START Provided material

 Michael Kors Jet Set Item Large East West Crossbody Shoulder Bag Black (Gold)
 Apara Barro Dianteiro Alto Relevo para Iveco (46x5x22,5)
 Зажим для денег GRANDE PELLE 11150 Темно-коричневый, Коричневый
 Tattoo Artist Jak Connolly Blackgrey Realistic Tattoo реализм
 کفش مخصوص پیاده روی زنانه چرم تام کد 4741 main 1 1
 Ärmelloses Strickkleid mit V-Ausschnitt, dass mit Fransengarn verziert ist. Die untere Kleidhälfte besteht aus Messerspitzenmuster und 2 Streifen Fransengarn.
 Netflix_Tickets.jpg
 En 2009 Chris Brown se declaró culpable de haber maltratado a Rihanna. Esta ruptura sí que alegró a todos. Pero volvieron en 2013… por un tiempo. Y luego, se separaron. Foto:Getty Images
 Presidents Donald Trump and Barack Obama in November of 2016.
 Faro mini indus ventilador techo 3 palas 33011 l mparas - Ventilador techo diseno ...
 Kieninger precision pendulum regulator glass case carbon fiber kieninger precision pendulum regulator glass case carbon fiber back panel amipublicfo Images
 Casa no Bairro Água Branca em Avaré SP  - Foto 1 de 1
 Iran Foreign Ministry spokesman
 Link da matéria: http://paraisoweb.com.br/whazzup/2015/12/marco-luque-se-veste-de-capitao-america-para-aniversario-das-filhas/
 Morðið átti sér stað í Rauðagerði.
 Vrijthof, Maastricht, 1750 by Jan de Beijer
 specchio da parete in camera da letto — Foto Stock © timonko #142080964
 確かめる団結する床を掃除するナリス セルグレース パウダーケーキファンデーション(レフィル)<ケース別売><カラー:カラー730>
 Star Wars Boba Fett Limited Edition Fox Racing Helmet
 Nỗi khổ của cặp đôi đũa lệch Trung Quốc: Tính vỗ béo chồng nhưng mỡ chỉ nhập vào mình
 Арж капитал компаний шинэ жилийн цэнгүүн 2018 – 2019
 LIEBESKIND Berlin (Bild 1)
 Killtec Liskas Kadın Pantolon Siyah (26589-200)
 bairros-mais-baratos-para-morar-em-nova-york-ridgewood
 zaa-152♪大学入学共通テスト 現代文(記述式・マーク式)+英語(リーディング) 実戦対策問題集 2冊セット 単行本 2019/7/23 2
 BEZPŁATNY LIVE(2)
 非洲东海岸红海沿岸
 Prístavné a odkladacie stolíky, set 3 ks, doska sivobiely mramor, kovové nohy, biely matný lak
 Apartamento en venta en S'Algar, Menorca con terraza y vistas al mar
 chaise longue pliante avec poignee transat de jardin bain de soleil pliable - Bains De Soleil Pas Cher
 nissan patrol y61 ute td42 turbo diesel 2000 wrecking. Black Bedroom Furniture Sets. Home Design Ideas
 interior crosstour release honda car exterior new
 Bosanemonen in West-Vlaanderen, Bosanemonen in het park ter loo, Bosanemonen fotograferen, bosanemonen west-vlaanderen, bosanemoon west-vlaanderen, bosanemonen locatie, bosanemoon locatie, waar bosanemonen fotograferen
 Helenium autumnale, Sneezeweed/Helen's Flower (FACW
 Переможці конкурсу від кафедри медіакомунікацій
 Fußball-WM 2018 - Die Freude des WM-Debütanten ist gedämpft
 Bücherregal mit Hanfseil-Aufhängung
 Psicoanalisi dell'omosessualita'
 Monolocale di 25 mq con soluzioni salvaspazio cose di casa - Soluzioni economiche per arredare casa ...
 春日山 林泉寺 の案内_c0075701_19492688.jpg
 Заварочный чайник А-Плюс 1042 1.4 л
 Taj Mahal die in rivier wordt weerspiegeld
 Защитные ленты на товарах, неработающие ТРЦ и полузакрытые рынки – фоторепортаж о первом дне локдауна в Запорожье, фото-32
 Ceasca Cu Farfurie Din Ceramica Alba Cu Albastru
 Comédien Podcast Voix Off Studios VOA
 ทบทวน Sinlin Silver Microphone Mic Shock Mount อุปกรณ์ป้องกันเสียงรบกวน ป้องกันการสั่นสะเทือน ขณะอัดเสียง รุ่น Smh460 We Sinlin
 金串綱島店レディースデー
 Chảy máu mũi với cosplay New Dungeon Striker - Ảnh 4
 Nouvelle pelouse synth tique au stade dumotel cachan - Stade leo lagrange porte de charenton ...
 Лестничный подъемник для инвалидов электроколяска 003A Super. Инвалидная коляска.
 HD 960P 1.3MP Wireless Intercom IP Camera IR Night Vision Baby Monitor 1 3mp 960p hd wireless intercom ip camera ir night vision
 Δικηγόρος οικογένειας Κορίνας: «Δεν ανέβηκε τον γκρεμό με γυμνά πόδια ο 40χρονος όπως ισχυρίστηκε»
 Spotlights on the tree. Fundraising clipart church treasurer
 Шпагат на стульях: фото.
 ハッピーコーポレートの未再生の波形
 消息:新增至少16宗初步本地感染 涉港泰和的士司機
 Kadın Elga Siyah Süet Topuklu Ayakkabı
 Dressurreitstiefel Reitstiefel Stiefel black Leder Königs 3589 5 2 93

END Provided material

**Assignment**
Transcribe the material in full; every line must match exactly.

**Output below**
 Michael Kors Jet Set Item Large East West Crossbody Shoulder Bag Black (Gold)
 Apara Barro Dianteiro Alto Relevo para Iveco (46x5x22,5)
 Зажим для денег GRANDE PELLE 11150 Темно-коричневый, Коричневый
 Tattoo Artist Jak Connolly Blackgrey Realistic Tattoo реализм
 کفش مخصوص پیاده روی زنانه چرم تام کد 4741 main 1 1
 Ärmelloses Strickkleid mit V-Ausschnitt, dass mit Fransengarn verziert ist. Die untere Kleidhälfte besteht aus Messerspitzenmuster und 2 Streifen Fransengarn.
 Netflix_Tickets.jpg
 En 2009 Chris Brown se declaró culpable de haber maltratado a Rihanna. Esta ruptura sí que alegró a todos. Pero volvieron en 2013… por un tiempo. Y luego, se separaron. Foto:Getty Images
 Presidents Donald Trump and Barack Obama in November of 2016.
 Faro mini indus ventilador techo 3 palas 33011 l mparas - Ventilador techo diseno ...
 Kieninger precision pendulum regulator glass case carbon fiber kieninger precision pendulum regulator glass case carbon fiber back panel amipublicfo Images
 Casa no Bairro Água Branca em Avaré SP  - Foto 1 de 1
 Iran Foreign Ministry spokesman
 Link da matéria: http://paraisoweb.com.br/whazzup/2015/12/marco-luque-se-veste-de-capitao-america-para-aniversario-das-filhas/
 Morðið átti sér stað í Rauðagerði.
 Vrijthof, Maastricht, 1750 by Jan de Beijer
 specchio da parete in camera da letto — Foto Stock © timonko #142080964
 確かめる団結する床を掃除するナリス セルグレース パウダーケーキファンデーション(レフィル)<ケース別売><カラー:カラー730>
 Star Wars Boba Fett Limited Edition Fox Racing Helmet
 Nỗi khổ của cặp đôi đũa lệch Trung Quốc: Tính vỗ béo chồng nhưng mỡ chỉ nhập vào mình
 Арж капитал компаний шинэ жилийн цэнгүүн 2018 – 2019
 LIEBESKIND Berlin (Bild 1)
 Killtec Liskas Kadın Pantolon Siyah (26589-200)
 bairros-mais-baratos-para-morar-em-nova-york-ridgewood
 zaa-152♪大学入学共通テスト 現代文(記述式・マーク式)+英語(リーディング) 実戦対策問題集 2冊セット 単行本 2019/7/23 2
 BEZPŁATNY LIVE(2)
 非洲东海岸红海沿岸
 Prístavné a odkladacie stolíky, set 3 ks, doska sivobiely mramor, kovové nohy, biely matný lak
 Apartamento en venta en S'Algar, Menorca con terraza y vistas al mar
 chaise longue pliante avec poignee transat de jardin bain de soleil pliable - Bains De Soleil Pas Cher
 nissan patrol y61 ute td42 turbo diesel 2000 wrecking. Black Bedroom Furniture Sets. Home Design Ideas
 interior crosstour release honda car exterior new
 Bosanemonen in West-Vlaanderen, Bosanemonen in het park ter loo, Bosanemonen fotograferen, bosanemonen west-vlaanderen, bosanemoon west-vlaanderen, bosanemonen locatie, bosanemoon locatie, waar bosanemonen fotograferen
 Helenium autumnale, Sneezeweed/Helen's Flower (FACW
 Переможці конкурсу від кафедри медіакомунікацій
 Fußball-WM 2018 - Die Freude des WM-Debütanten ist gedämpft
 Bücherregal mit Hanfseil-Aufhängung
 Psicoanalisi dell'omosessualita'
 Monolocale di 25 mq con soluzioni salvaspazio cose di casa - Soluzioni economiche per arredare casa ...
 春日山 林泉寺 の案内_c0075701_19492688.jpg
 Заварочный чайник А-Плюс 1042 1.4 л
 Taj Mahal die in rivier wordt weerspiegeld
 Защитные ленты на товарах, неработающие ТРЦ и полузакрытые рынки – фоторепортаж о первом дне локдауна в Запорожье, фото-32
 Ceasca Cu Farfurie Din Ceramica Alba Cu Albastru
 Comédien Podcast Voix Off Studios VOA
 ทบทวน Sinlin Silver Microphone Mic Shock Mount อุปกรณ์ป้องกันเสียงรบกวน ป้องกันการสั่นสะเทือน ขณะอัดเสียง รุ่น Smh460 We Sinlin
 金串綱島店レディースデー
 Chảy máu mũi với cosplay New Dungeon Striker - Ảnh 4
 Nouvelle pelouse synth tique au stade dumotel cachan - Stade leo lagrange porte de charenton ...
 Лестничный подъемник для инвалидов электроколяска 003A Super. Инвалидная коляска.
 HD 960P 1.3MP Wireless Intercom IP Camera IR Night Vision Baby Monitor 1 3mp 960p hd wireless intercom ip camera ir night vision
 Δικηγόρος οικογένειας Κορίνας: «Δεν ανέβηκε τον γκρεμό με γυμνά πόδια ο 40χρονος όπως ισχυρίστηκε»
 Spotlights on the tree. Fundraising clipart church treasurer
 Шпагат на стульях: фото.
 ハッピーコーポレートの未再生の波形
 消息:新增至少16宗初步本地感染 涉港泰和的士司機
 Kadın Elga Siyah Süet Topuklu Ayakkabı
 Dressurreitstiefel Reitstiefel Stiefel black Leder Königs 3589 5 2 93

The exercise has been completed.